Choanal atresia is a narrowing or blockage of the nasal airway by tissue. It is a life threatening congenital condition, meaning it is present at birth. This obstruction fails to rupture when it typically does during fetal development. The cause of choanal atresia is unknown. Females get this condition about twice as often as males. When only one nostril is affected (unilateral atresia) it will typically be the right nostril. Twice as many babies are born with only one nostril affected (unilateral) as with both nostrils obstructed (bilateral choanal atresia). More than half of affected infants also have other congenital problems.

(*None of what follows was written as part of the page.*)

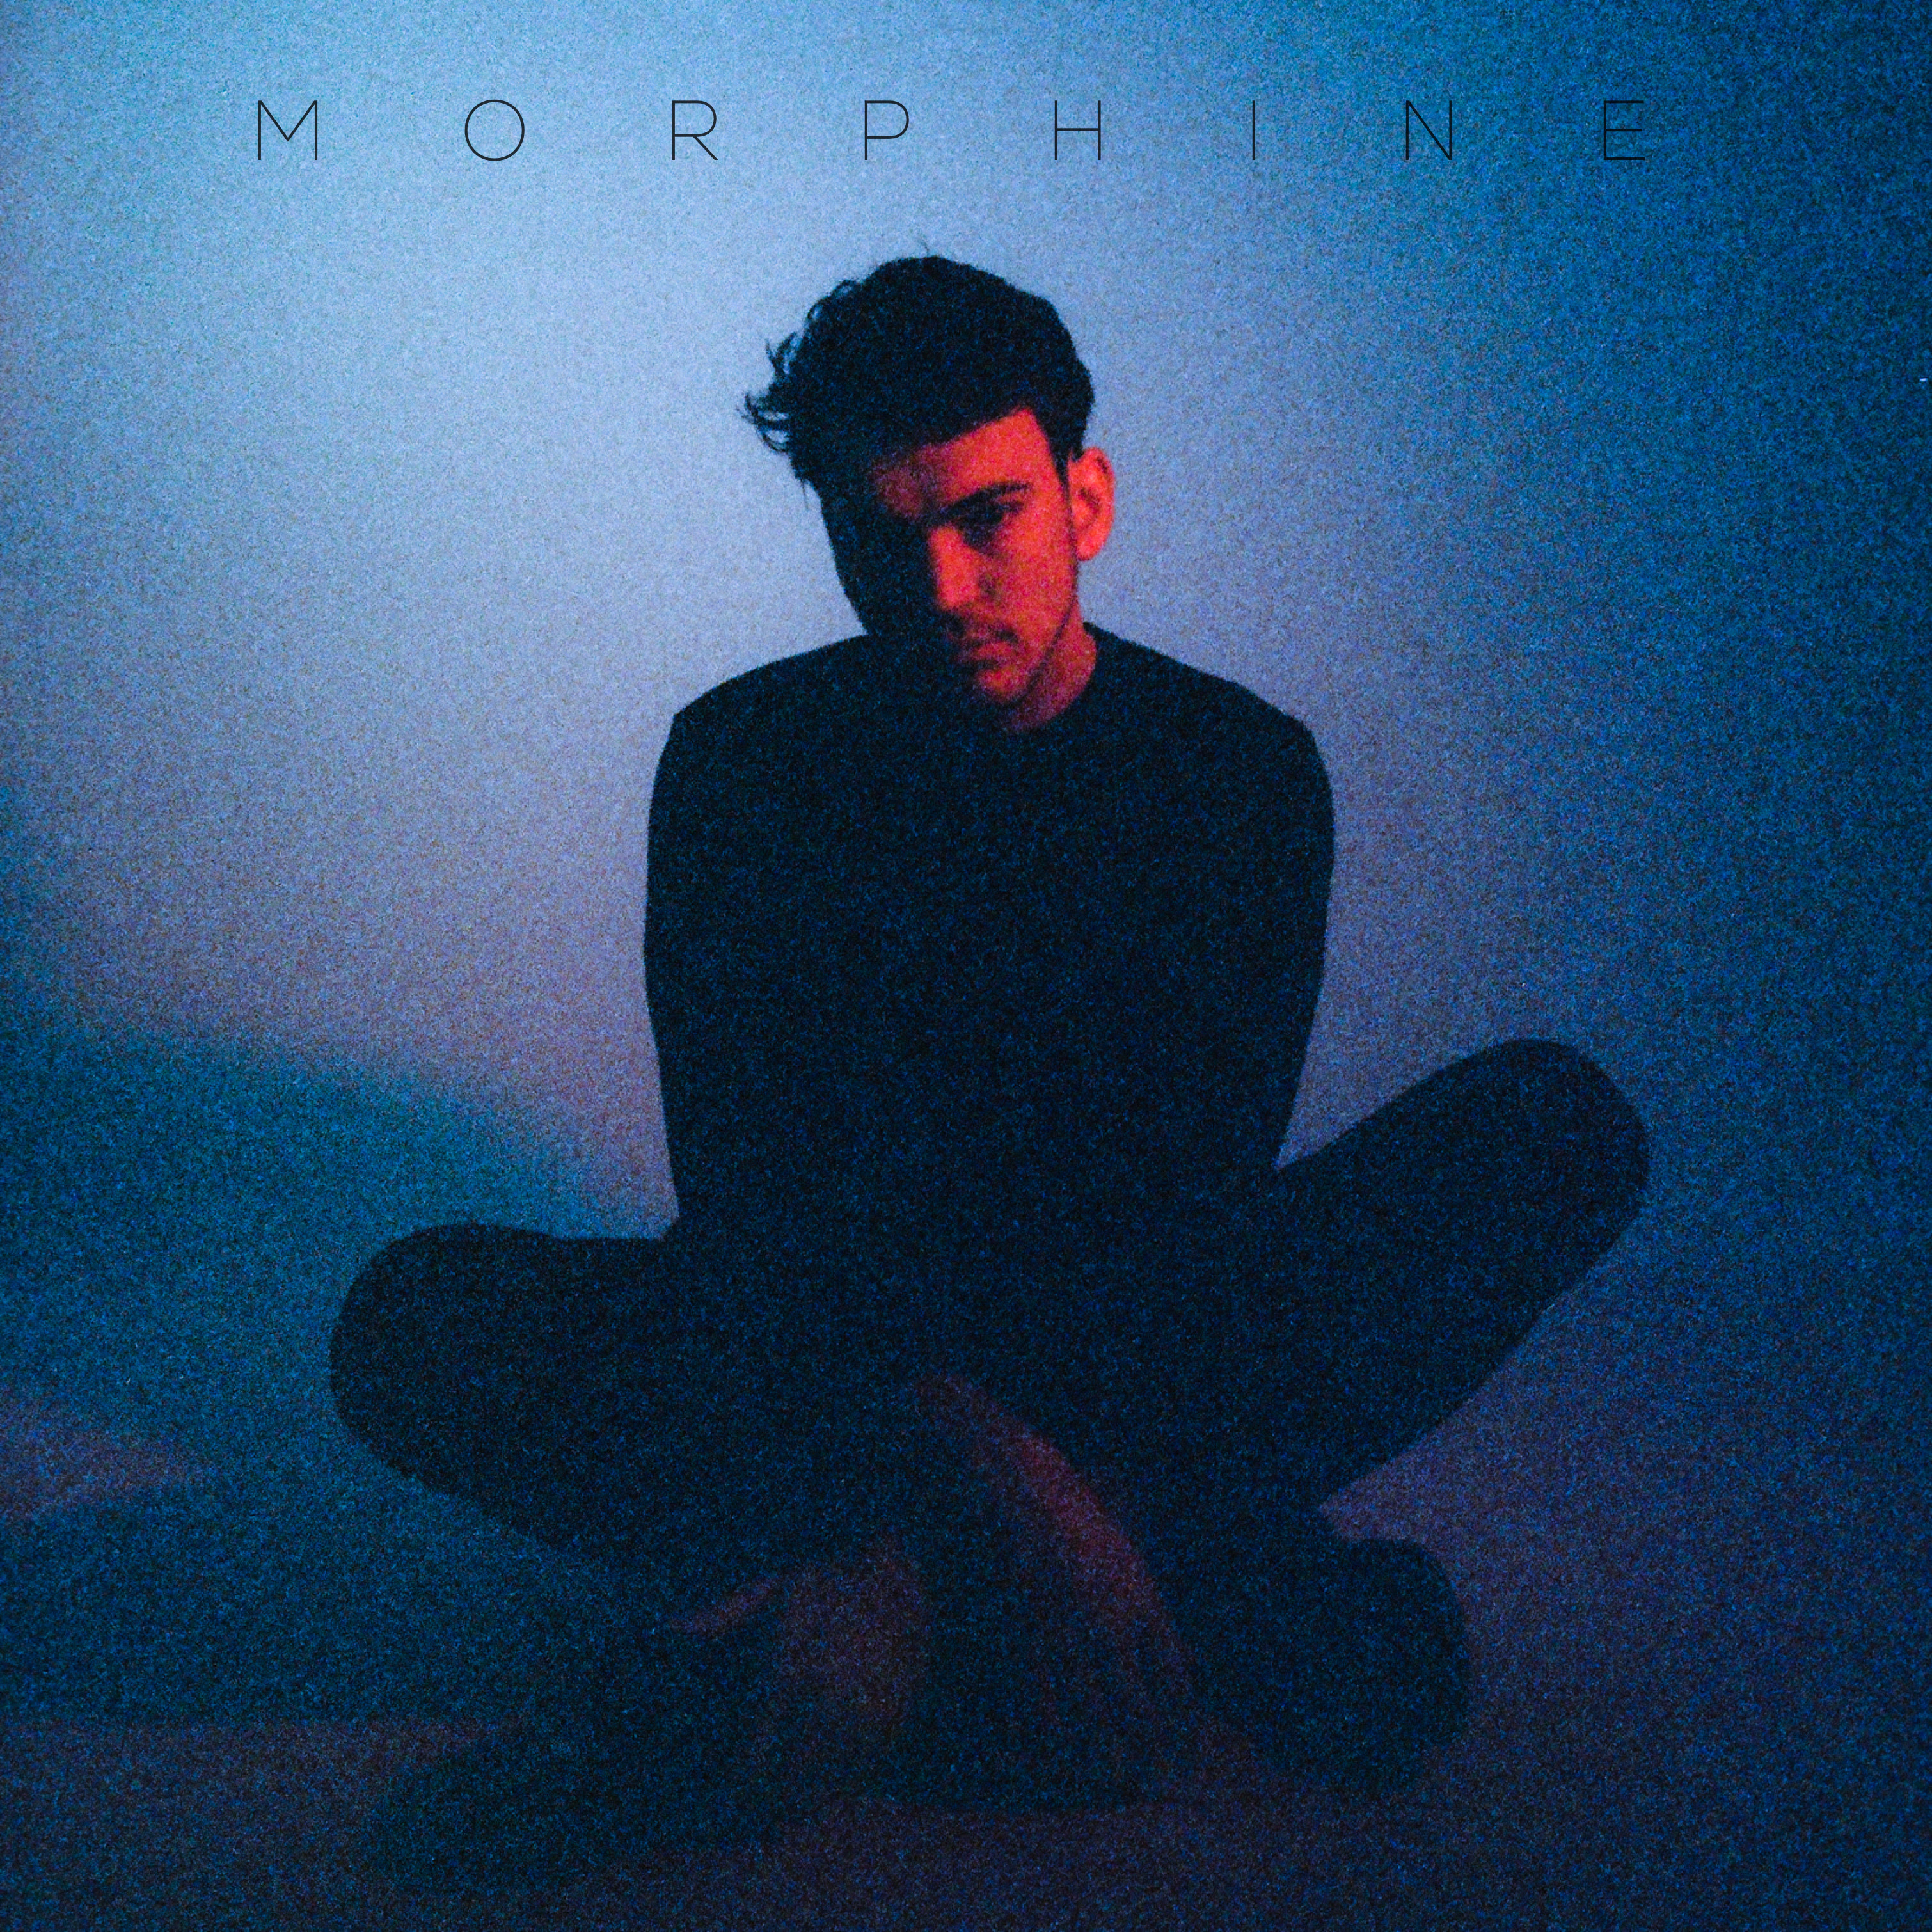 SPOTLIGHT: Singer-Songwriter Cade Hoppe Releases Powerful Single “Morphine”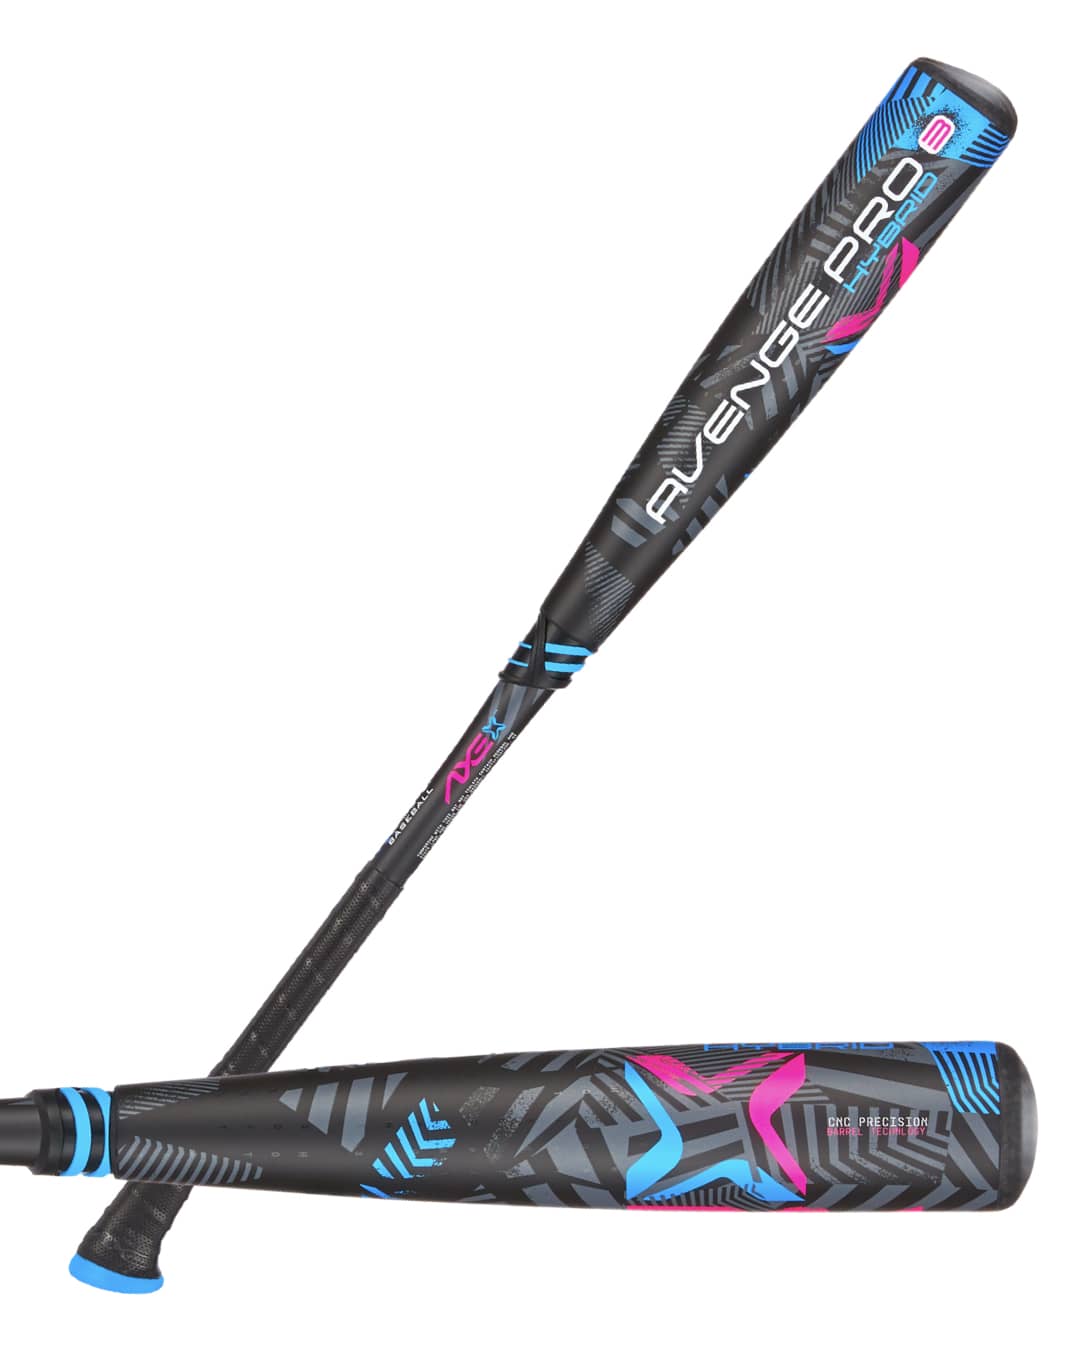 Axe Avenge Pro 3 Hybrid USA Baseball Bat , -8

Babies are "obligate nose breathers", meaning that they can only breathe through their noses; the only time newborns breathe through their mouths is when they are crying. Babies with bilateral choanal atresia (both nostrils affected) will have severe respiratory distress (trouble breathing) in the newborn period with cyclical cyanosis (periods of their skin turning grey/blue due to lack of oxygen). This is because with crying they will be able to exchange air by mouth-breathing. However, when they close their mouths to suck they will not be able to breath. If only one nasal passage is obstructed this condition might not be detected for months or years.
The condition is the most common nasal abnormality in newborn infants, affecting about 1 in 7,000 live births. Our program has been tracking choanal atresia among live births in select counties since 2005 and are gradually expanding statewide.
- Using data from births to Hennepin and Ramsey county residents between 2010-2014, we found that 1.4 babies were born with choanal atresia per 10,000 births.
- Using this data, we estimate about 10 babies are born with choanal atresia every year in Minnesota.